Conducting a Thematic UX Analysis

by | Apr 19, 2019 | General

 | 4 min read

Photo of two woman doing an interview

Having collected your data such as audio or video files, pictures, written statements or notes you took during testing sessions, the next step is making sense of all the data you collected. When you’re evaluating data gathered from qualitative user research, your goal is usually to find surprising or interesting pieces of knowledge or patterns and themes you can later use to make informed decisions, figure out more about your users and build comprehensive personas. If you’re in the early stages of your research process and don’t have a fleshed out idea what patterns your dataset might look like using thematic analysis can be extremely helpful.

This method is a very good fit for preliminary exploratory research as it helps you make sense of data that seem unrelated at first glance. It can also help you to discover and frame specific problems, research questions, or emerging themes that can be used to conduct furthermore granular research.

Why should you do a thematic analysis?

When dealing with unstructured data, a thematic analysis will help you get the most out of your data: you can look for specific patterns you already suspect in your data while at the same time working in a more explorative manner where you don’t exactly know what you’re looking for from the beginning. No matter what kind of research you conducted, always try to sum up and evaluate what has been said as closely as possible.

If you gathered the data you’re evaluating yourself, you may feel like you already have a sufficient understanding of your data. It often feels like conducting surveys, interviews or user tests yourself gives you a pretty good idea of what your users want to tell you so you’re eager to start implementing your insights immediately. If you want to make sure you don’t overlook important facts or are influenced by certain biases you might have, it’s a good idea to do a planned analysis and go over your data in a systematic way.

Documenting your analysis process as well as preliminary insights will also help your colleagues and stakeholders retrace the steps you took to arrive at your conclusions which will help them understand your reasoning and decision-making process. While documentation takes time-especially if you work in a more explorative manner-it will also make your results more trustworthy.

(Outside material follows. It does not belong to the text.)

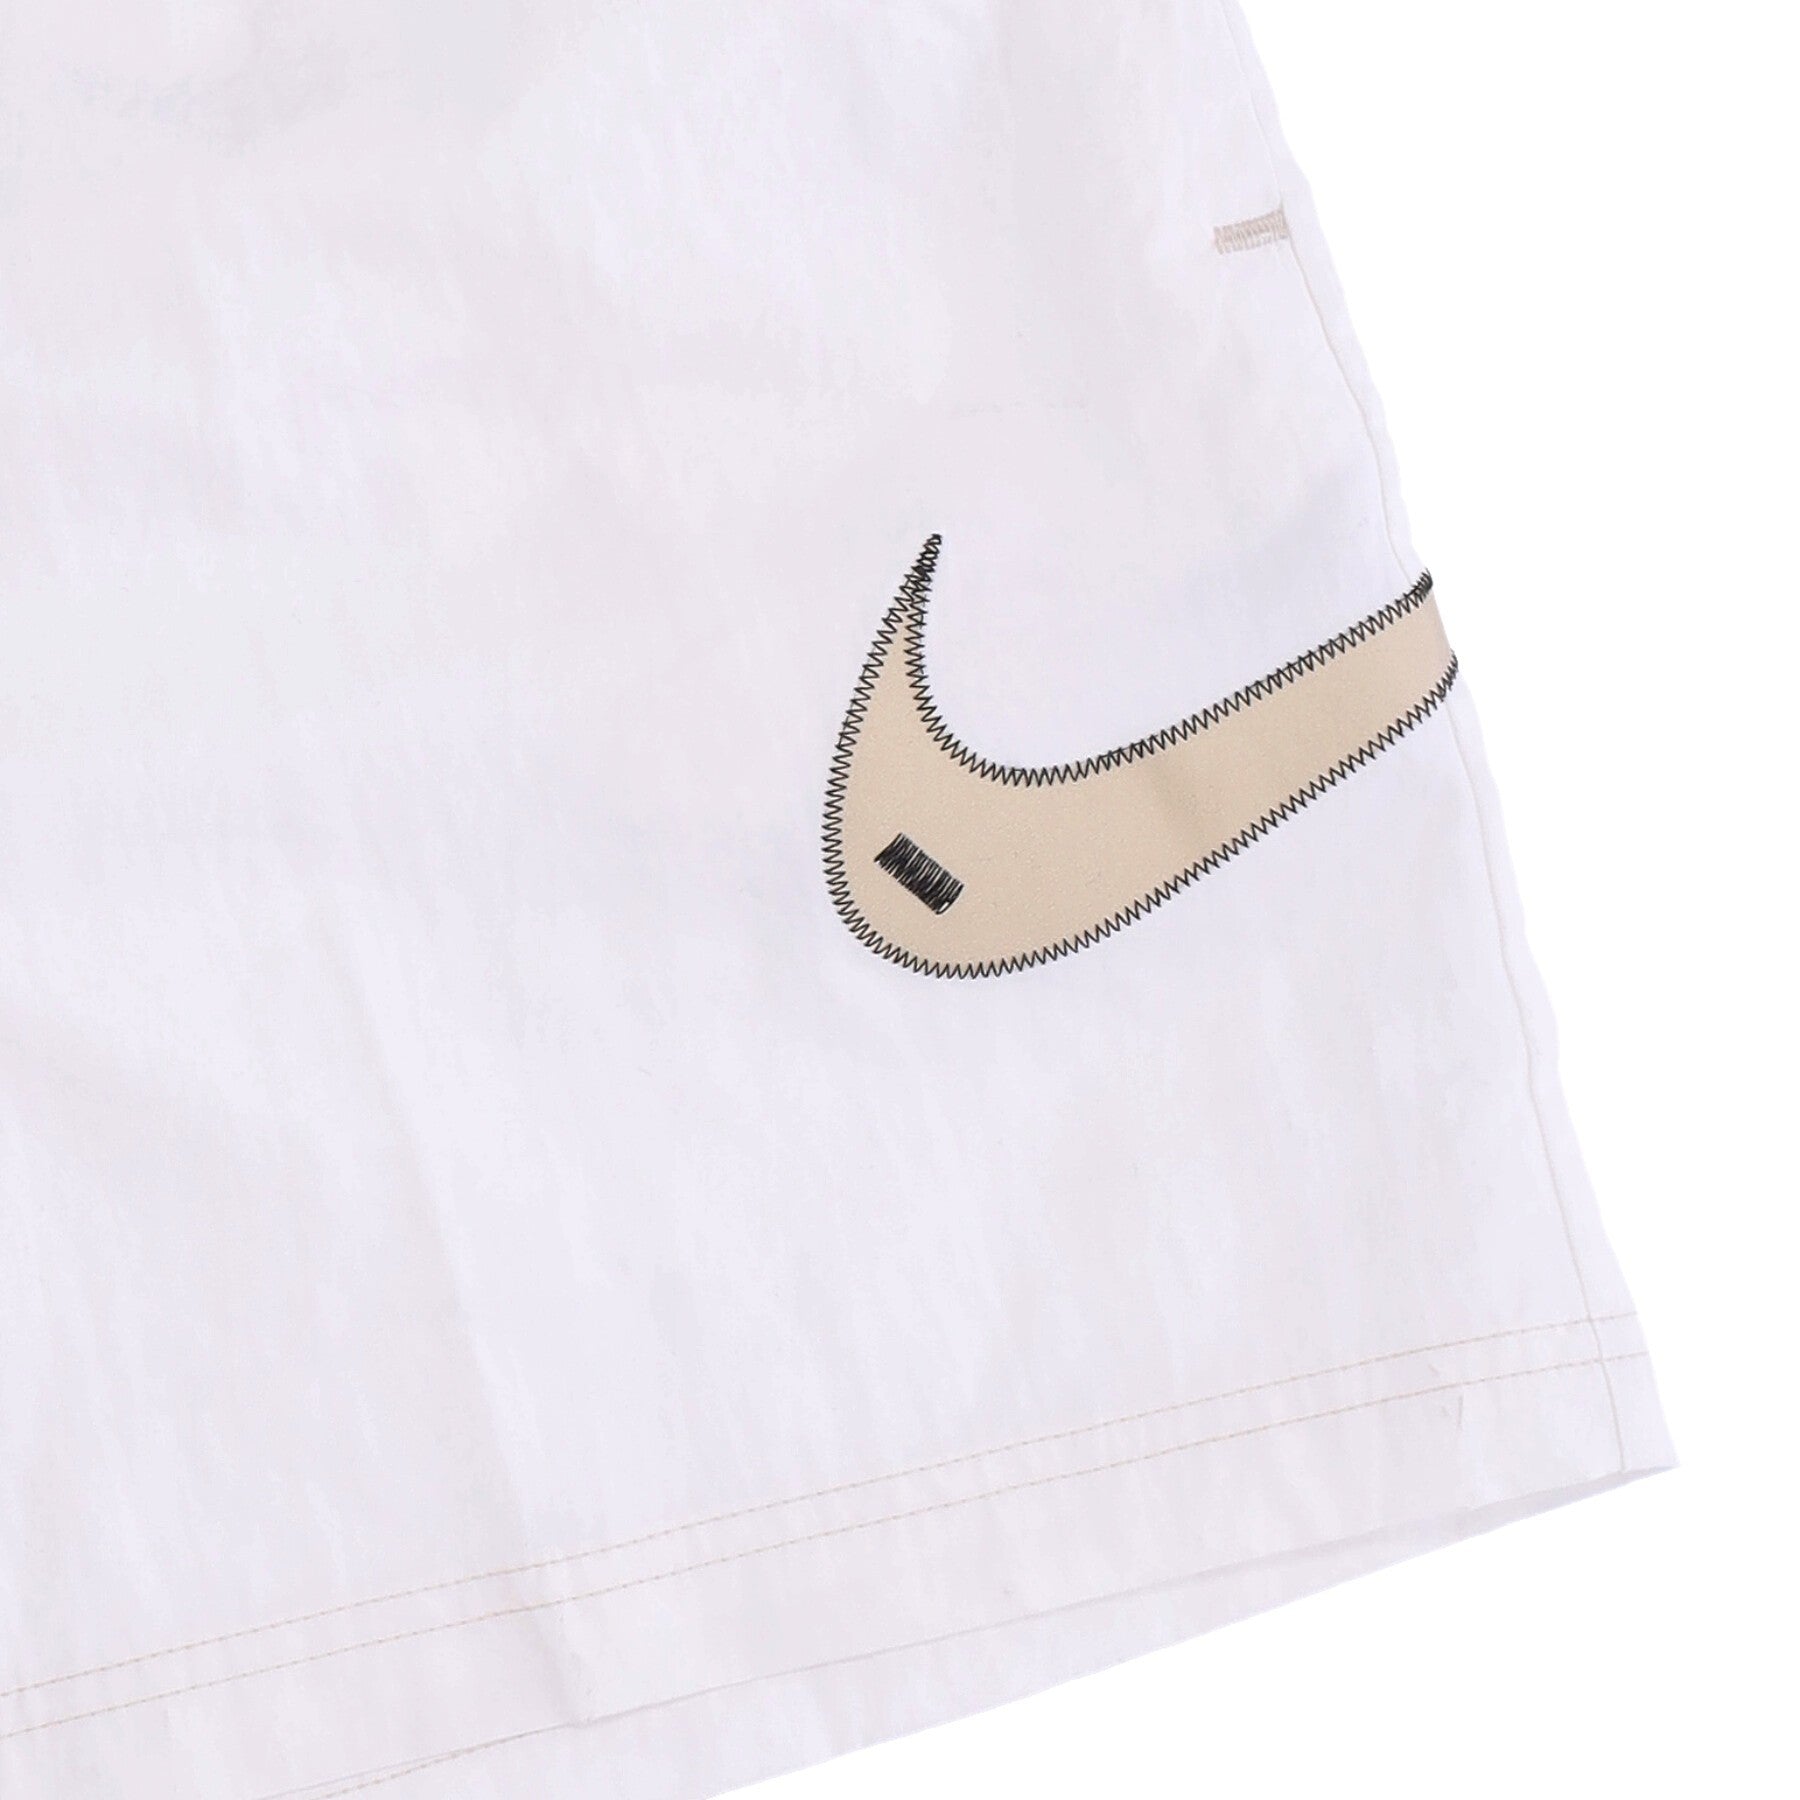 Nike, Pantaloncino Donna Sportswear Swoosh Woven High-rise Shorts,

How to run a thematic analysis

As is often the case in user research, thematic analysis is an iterative process. It will lead you from raw, unstructured data to having a deep understanding of themes that occur in your dataset. There’re six steps to conducting a thematic analysis:

  1. Get a general idea of your data: Depending on the kind of data you have, you might need to transcribe it before you start your analysis process. Having done that you can start going over all the available data to try to get a general feeling for your data and generate first ideas about structures that might exist within your data. If you already have certain themes you’re looking for in mind, be open for other patterns that may emerge from your data
  2. Gather first ideas for codes: You will use your codes to sum up things your users said. For example, if you note that users talk a lot about looking for the sign-up button, you could assign a code to statements concerning this problem. Codes should always be descriptions of what has been said and not include interpretations. You’ll later use your codes to organize your data into groups. Usually, two or three lines of your transcript will be summed up into one code. Having coded all your data, collect all pieces of data you assigned the same code and look for common statements or emerging patterns.
  3. Find themes: Continue looking for similarities within the statements you assigned certain codes. This is where you start interpreting your findings and try to sum up multiple codes into one theme or multiple themes into a bigger theme. Some codes may not fit into one theme with other codes and thus become a theme themselves. If codes don’t fit and aren’t interesting enough to justify their own theme, keep them in a miscellaneous theme for later interpretation.
  4. Go over your themes: make sure your themes make sense and that statements within a theme share certain characteristics or are similar to each other. Different categories should be distinct or at least overlap as little as possible. Eliminate contradictions within themes by splitting them or moving certain codes from one theme to another. Once you defined a set of relevant themes go over your uncoded data again to make sure you didn’t miss anything that fits one of your themes. You may also catch interesting statements you overlooked and discover new themes that way. This process is iterative in itself so you should stop once you feel like you’re not adding anything relevant anymore. If you want to make sure your interpretations aren’t influenced by some kind of bias you might hold, have other people review them, too.
  5. Name and describe themes: give your themes names that already hint at their content. When describing themes don’t only describe their content but also try to describe why this content is relevant or interesting. You may also want to describe how themes relate to each other and your research question. If you have trouble with this step you may have to take one step back and go over your themes again.
  6. Report your results: Report what you did and why you did what you did. Use the descriptions of your themes as the basis for your report. You can also use pictures, quotes, audio or video clips of your participants to support your findings. If you do this you should, of course, get their consent first. If you need more ideas about how to communicate your UX research findings take a look at our blog post concerning this topic.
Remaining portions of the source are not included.